▶ WHAT YOU HAVE TO DO:
For this exercise, transcribe every line of the material exactly and skip the pictures.

▶ DATA:
☆ ☆ ☆ ☆ ☆ ☆ ☆

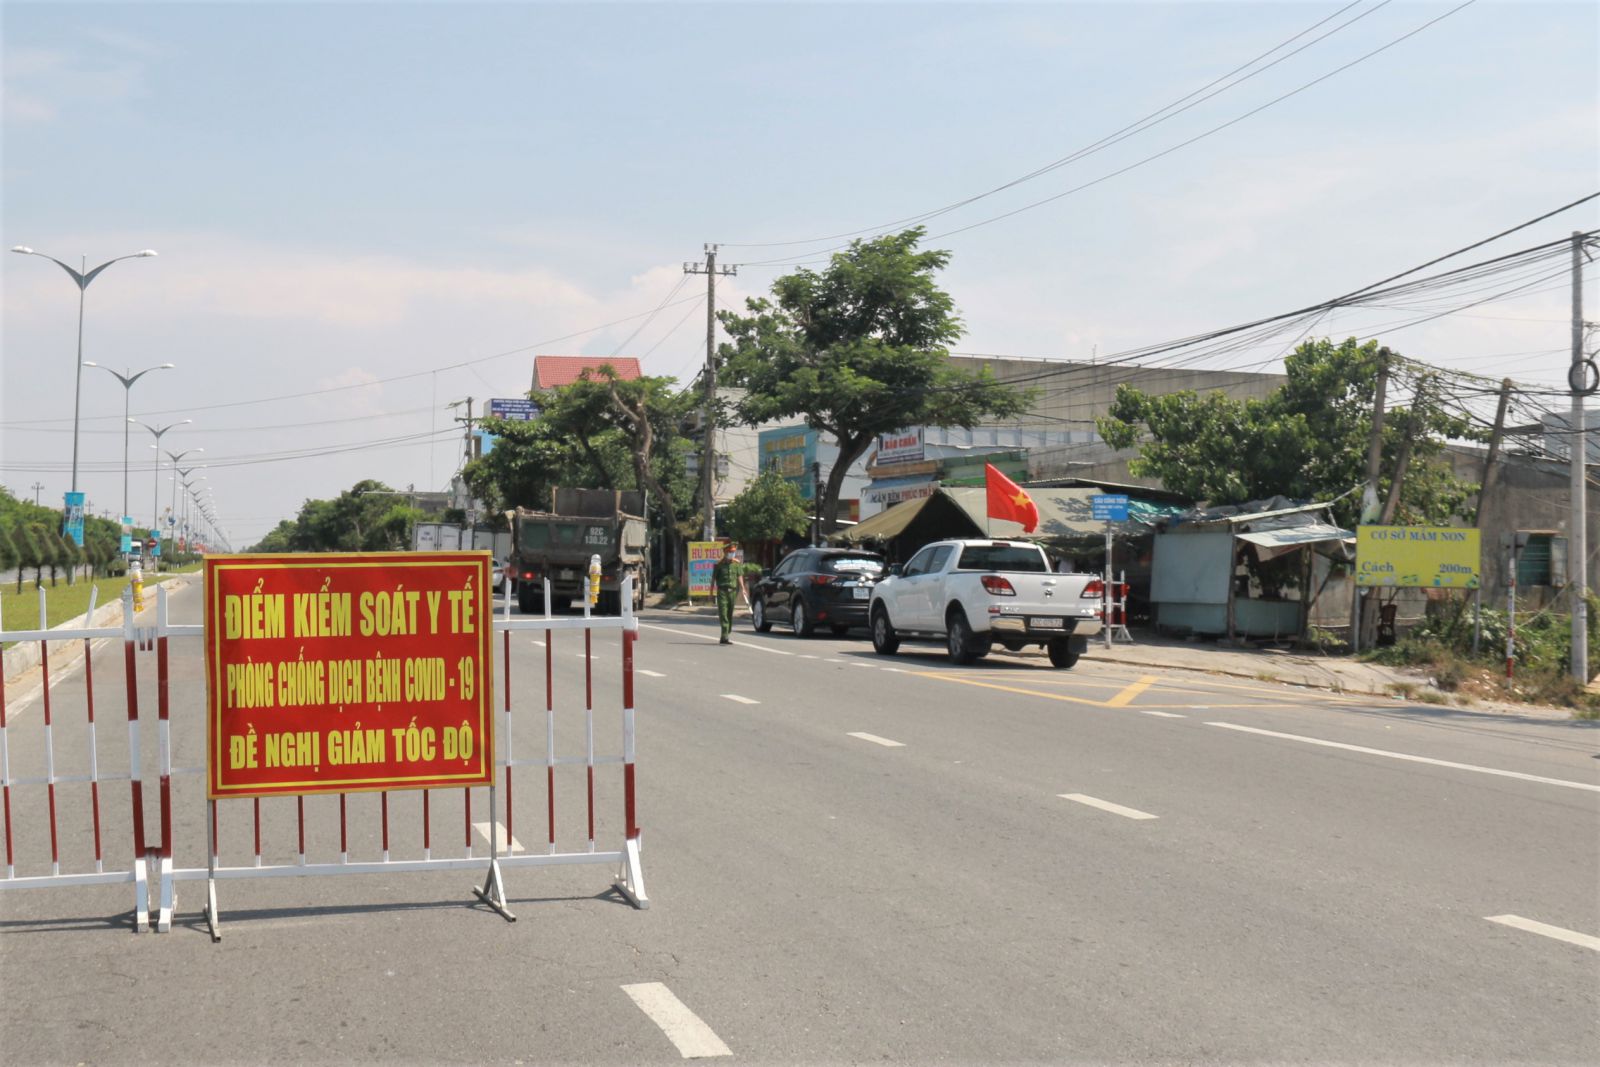 Quảng Nam thành lập các chốt kiểm soát dịch để kiểm tra người từ địa phương khác đến.
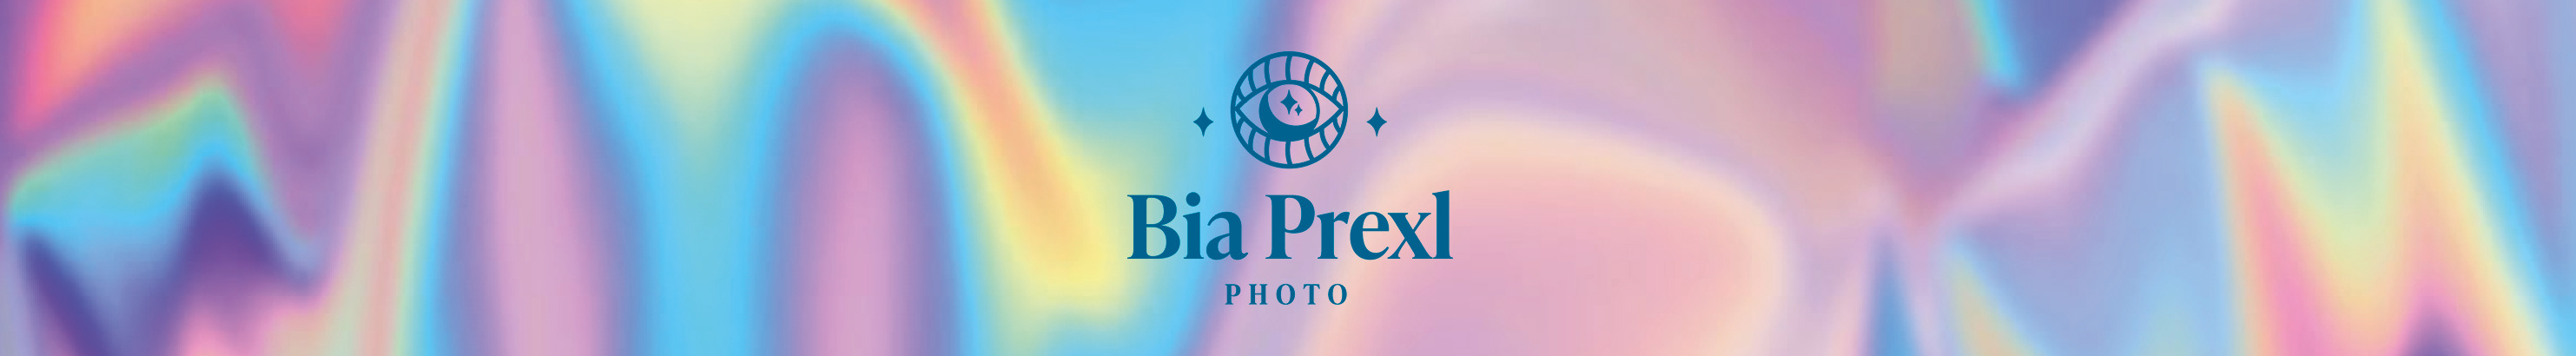 Beatriz Bertelli Prexl's profile banner
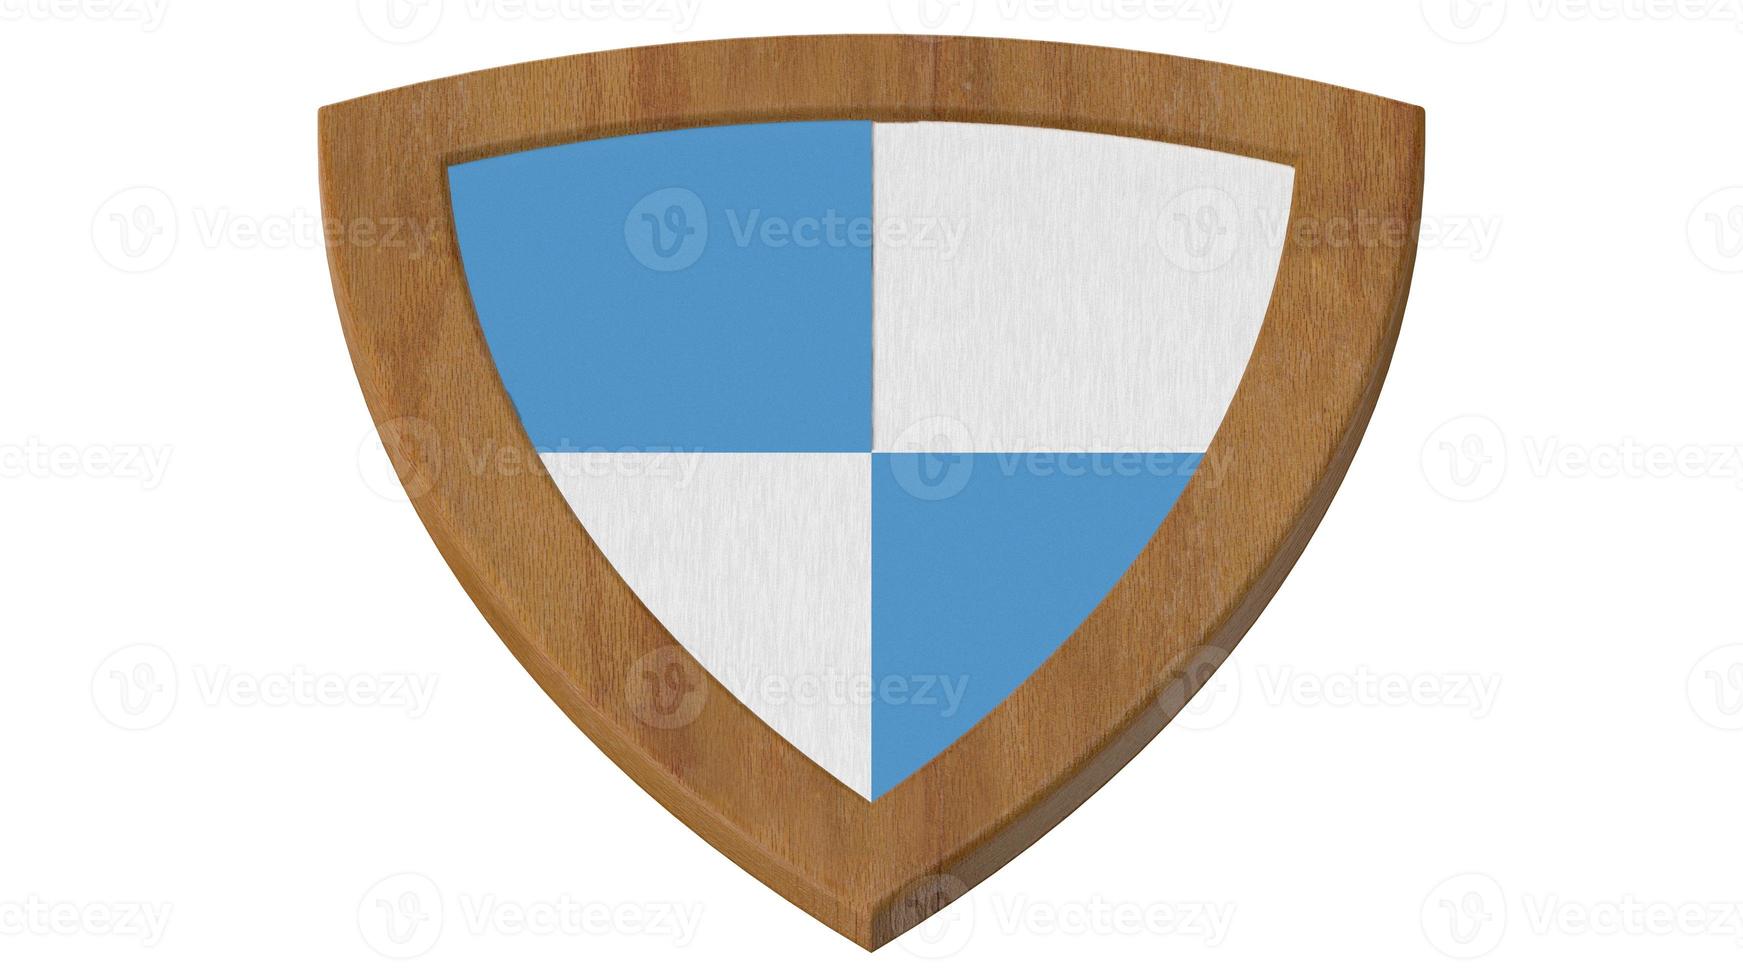 rayas de madera azul y blanco escudo medieval 3d ilustración render foto
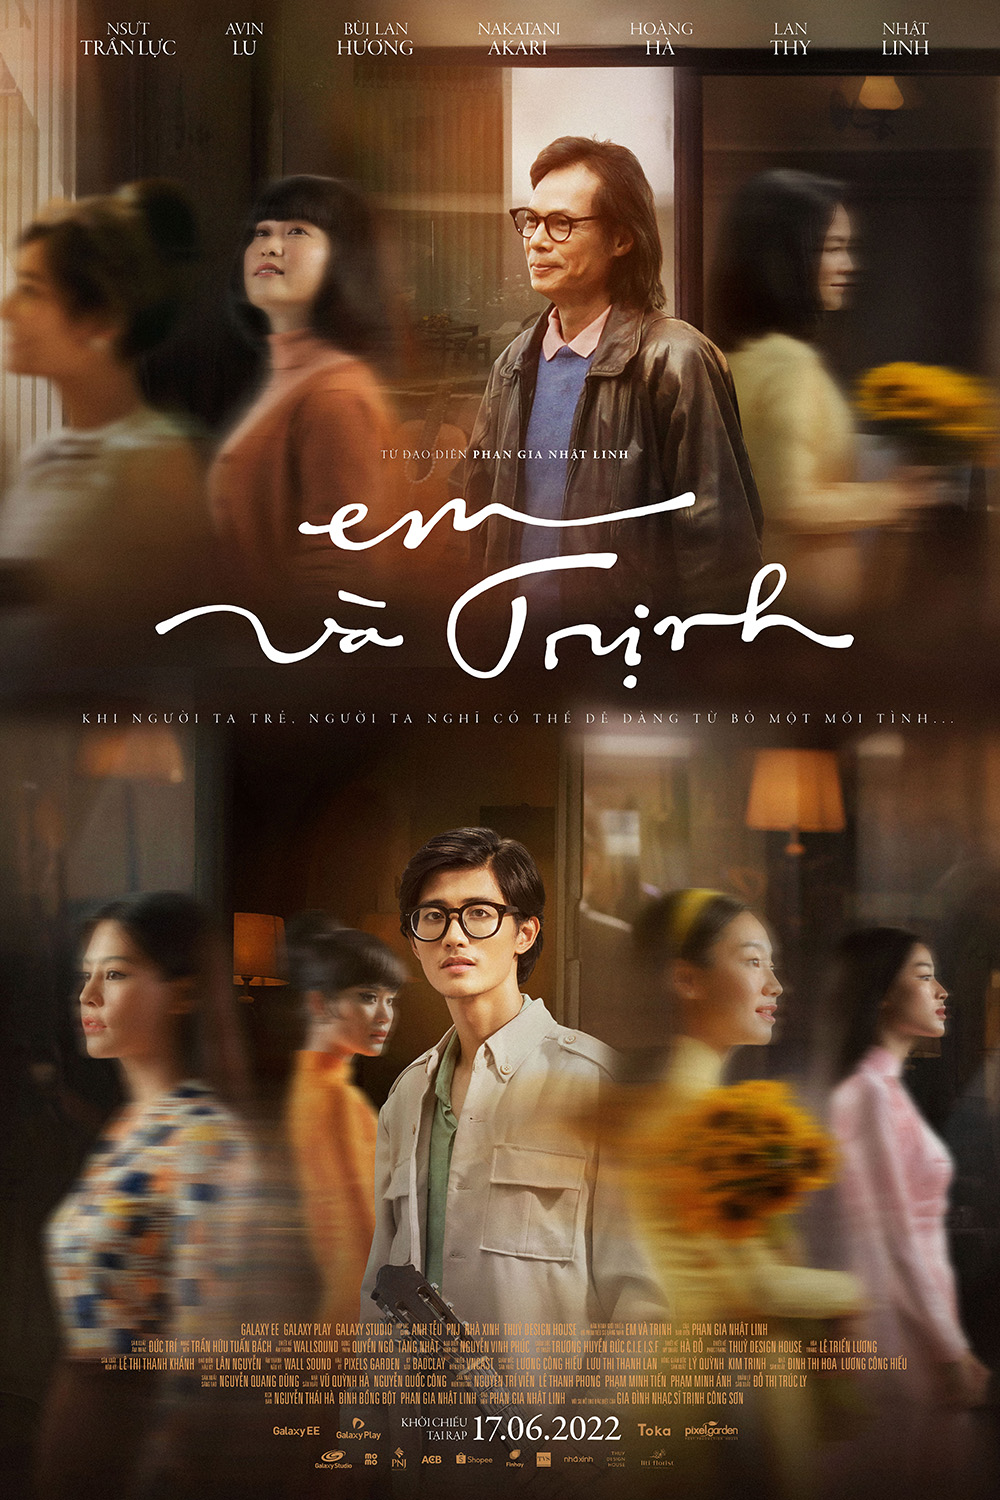 Hâm nóng tình cảm cùng với bộ phim "Em và Trịnh"

☆ ☆ ☆ ☆ ☆ ☆ ☆

▶ OUTPUT FOR THIS TASK:
 Quảng Nam thành lập các chốt kiểm soát dịch để kiểm tra người từ địa phương khác đến.
 Beatriz Bertelli Prexl's profile banner
 rayas de madera azul y blanco escudo medieval 3d ilustración render foto
 Hâm nóng tình cảm cùng với bộ phim "Em và Trịnh"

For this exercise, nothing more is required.